Keep the images out while you set down the data exactly.

(Given information)

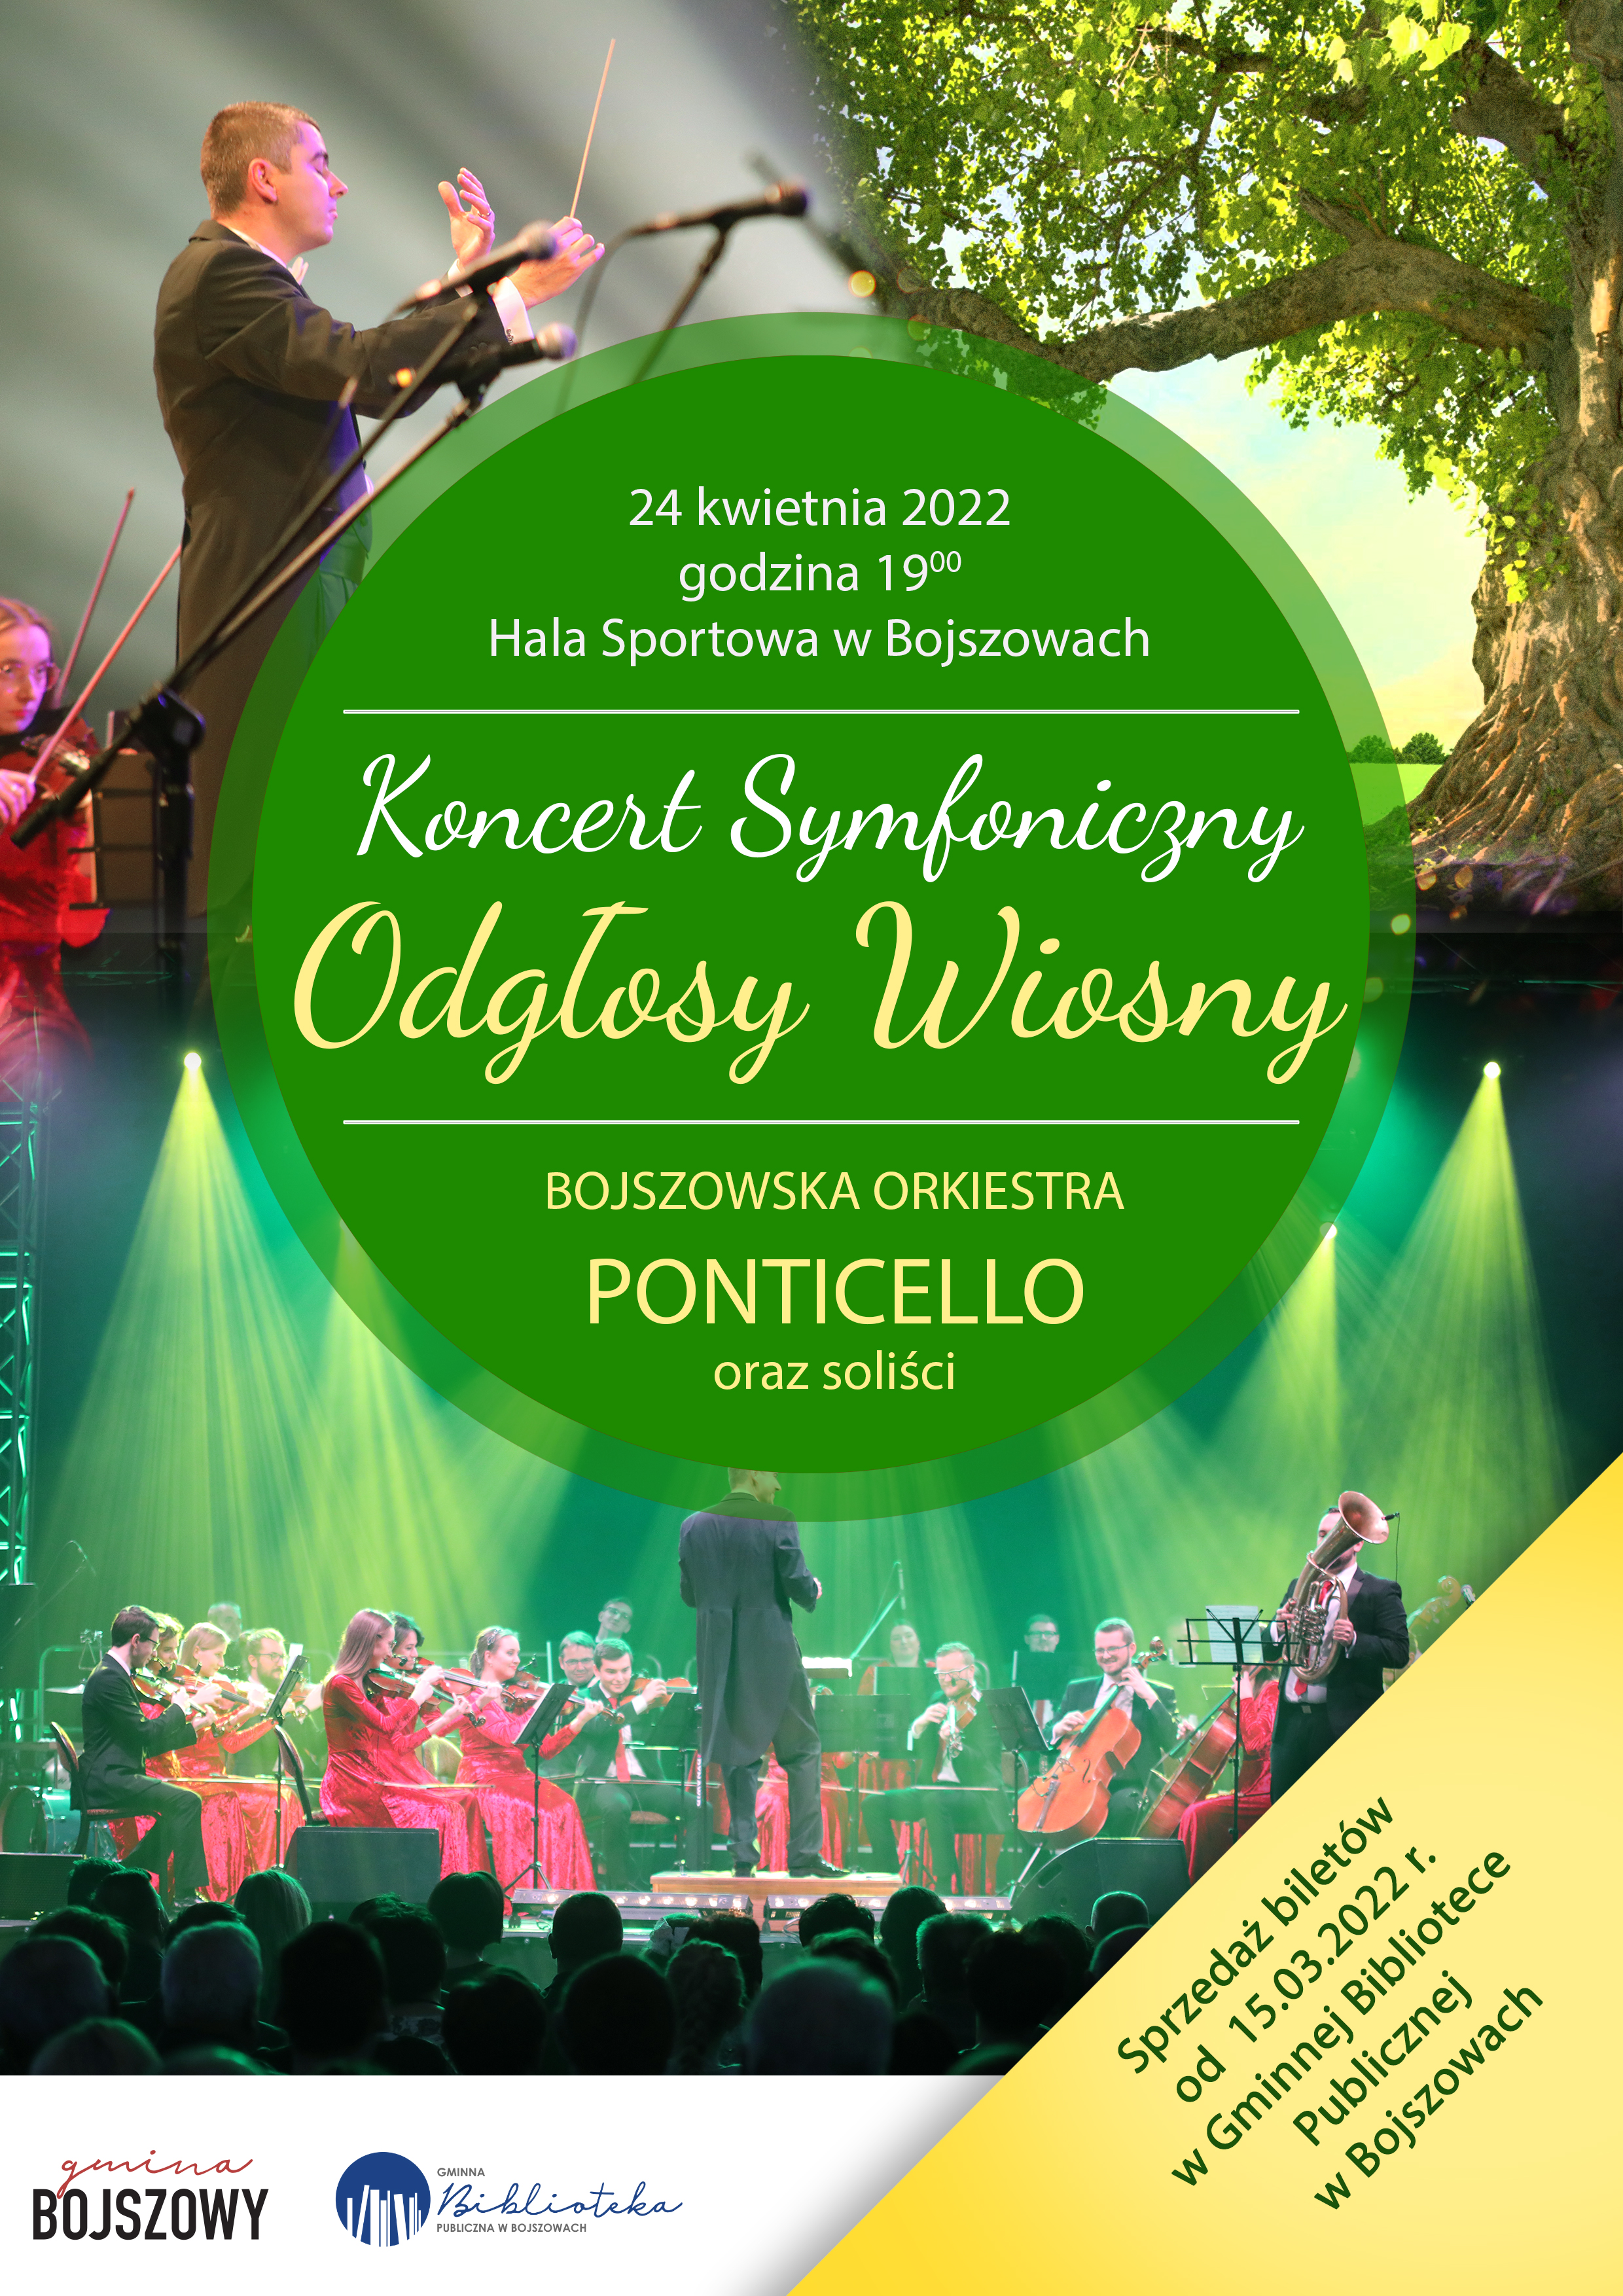 Koncert Symfoniczny Odgłosy Wiosny w wykonaniu Orkiestry Ponticello i solistów odbędzie się 24 kwietnia 2022 roku o godzinie 19:00 w Hali Sportowej w Bojszowach.Bilety można zakupić w Gminnej Bibliotece Publicznej w Bojszowach w godzinach otwarcia od 10:00 do18:00.
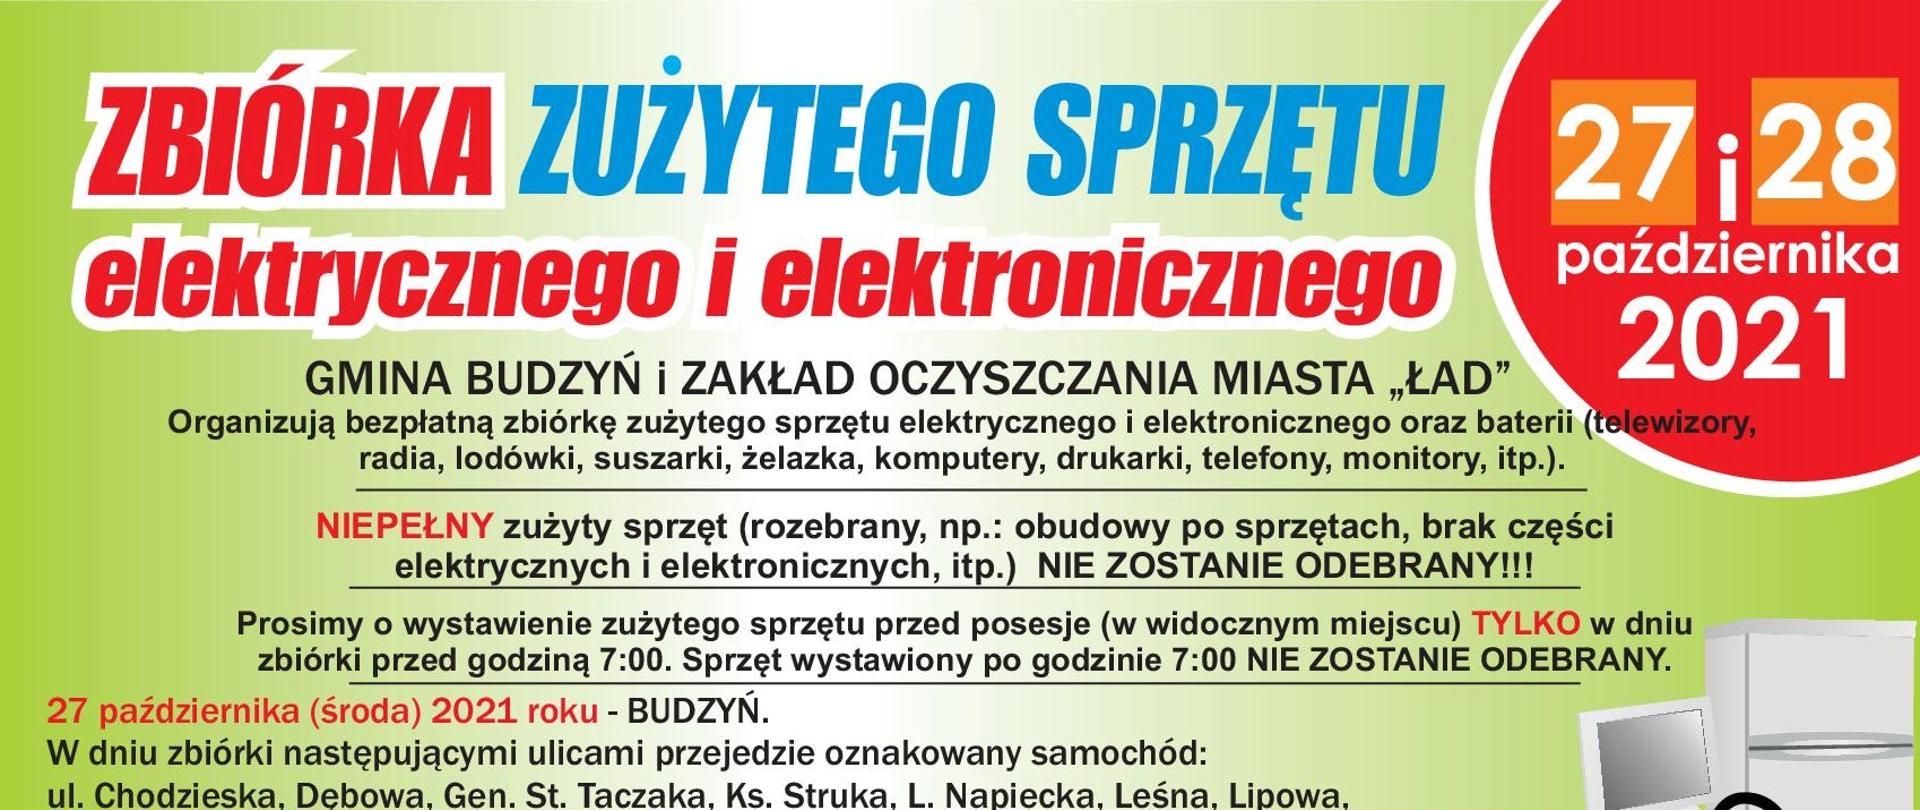 Ulotka informująca o zbiórce zużytego sprzętu elektrycznego i elektronicznego w Budzyniu w dniach 27 i 28 października 2021 roku
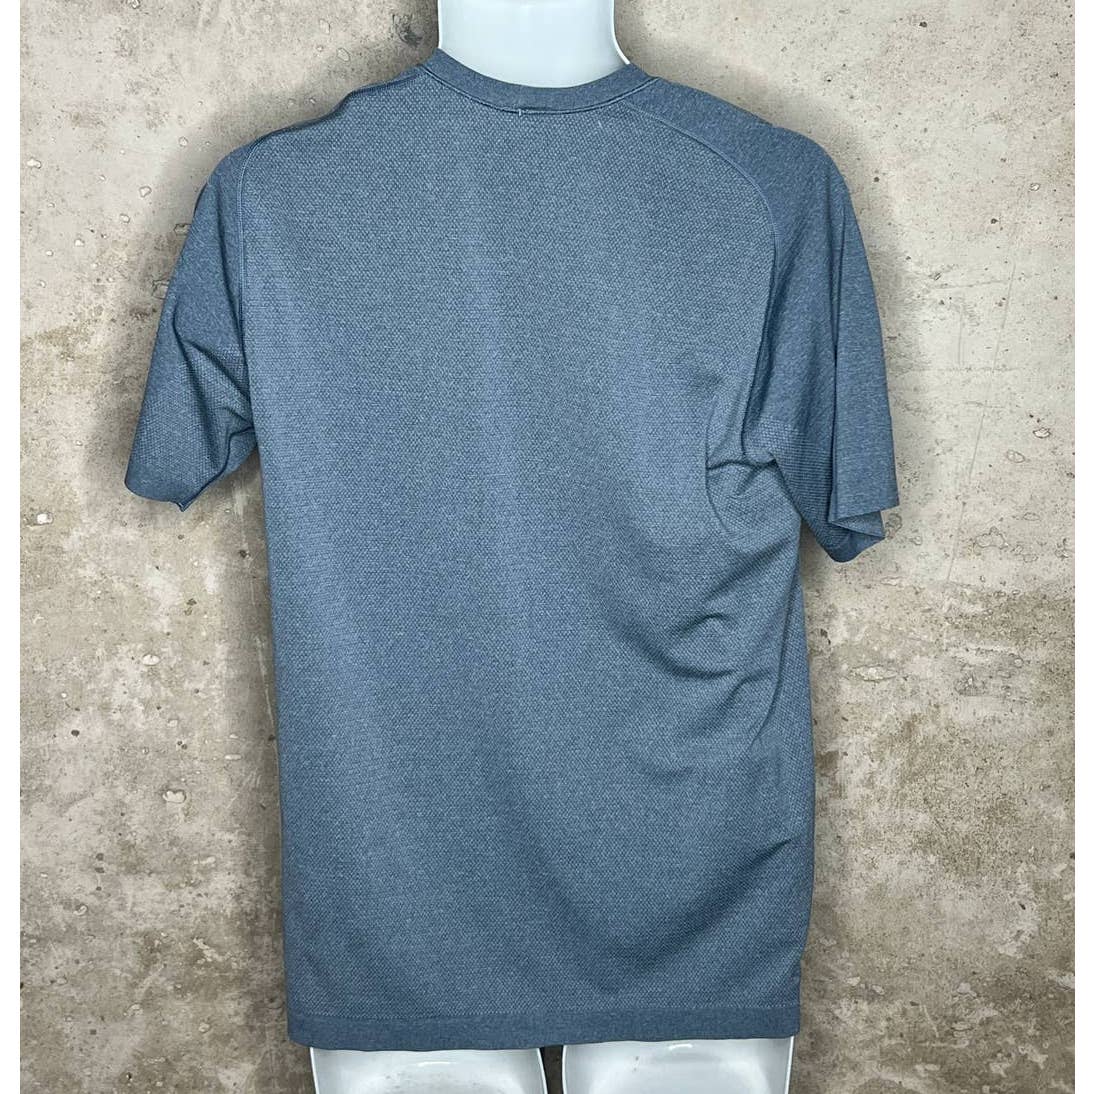 Lululemon Men’s Blue Shirt Sz. Medium

(End Given information)

Response to this task »
 Koncert Symfoniczny Odgłosy Wiosny w wykonaniu Orkiestry Ponticello i solistów odbędzie się 24 kwietnia 2022 roku o godzinie 19:00 w Hali Sportowej w Bojszowach.Bilety można zakupić w Gminnej Bibliotece Publicznej w Bojszowach w godzinach otwarcia od 10:00 do18:00.
 Ulotka informująca o zbiórce zużytego sprzętu elektrycznego i elektronicznego w Budzyniu w dniach 27 i 28 października 2021 roku
 Lululemon Men’s Blue Shirt Sz. Medium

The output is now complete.